# Tartan Plaid



## Rugby (May 21, 2011)

Is Tartan Plaid a seasonal or winter pattern?

For some reason, I associate this with the end-of-the-year...
I have a tie as well as a separate jacket. 

Can these be worn year round, or I am in a rush to get my rotations in pretty quick?


----------



## Bermuda (Aug 16, 2009)

There are no dumb little rules about wearing tartan for me. It comes from Scotland and has always been a part of their heritage. It is worn during Christmas because of the festive designs (red and green). I wear it year round, but usually darker colors in the winter and brighter colors in the summer


----------



## Flanderian (Apr 30, 2008)

Bermuda said:


> There are no dumb little rules about wearing tartan for me. It comes from Scotland and has always been a part of their heritage. It is worn during Christmas because of the festive designs (red and green). I wear it year round, but usually darker colors in the winter and brighter colors in the summer


+1. I think that about covers it.


----------



## Oldsarge (Feb 20, 2011)

Bermuda said:


> There are no dumb little rules about wearing tartan for me. It comes from Scotland and has always been a part of their heritage. It is worn during Christmas because of the festive designs (red and green).

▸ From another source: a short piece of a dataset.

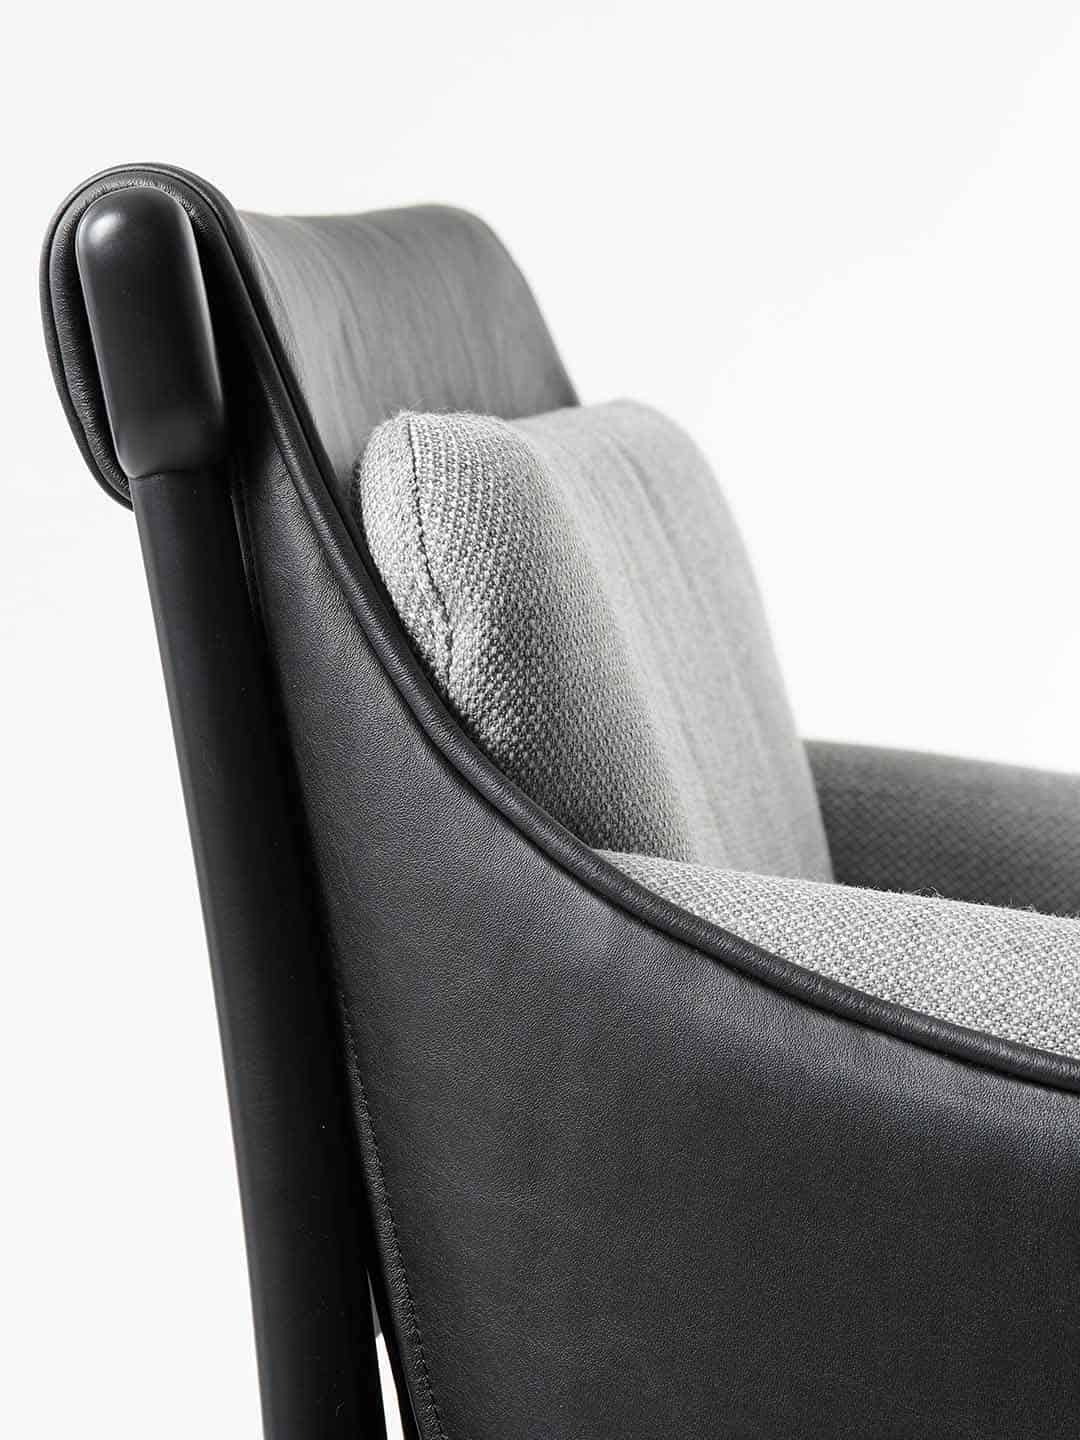 Кресло Garsnas Viva премиум класса с обивкой светло-серого цвета

I wear it year round, but usually darker colors in the winter and brighter colors in the summer


Accurate and concise.


----------



## eyedoc2180 (Nov 19, 2006)

Thinking of golf for a moment, the Harbour Town and Colonial events feature tartan attire. Neither is in a cold climate! If the weight is right, fire away!


----------



## Taken Aback (Aug 3, 2009)

True, but I have yet to see a tropical-weight black watch jacket (still looking).


----------



## Grenadier (Dec 24, 2008)

I'm a big fan of tartan and plaid patterns for year-round wear, although admittedly they are more pronounced in autumnal and wintery garments.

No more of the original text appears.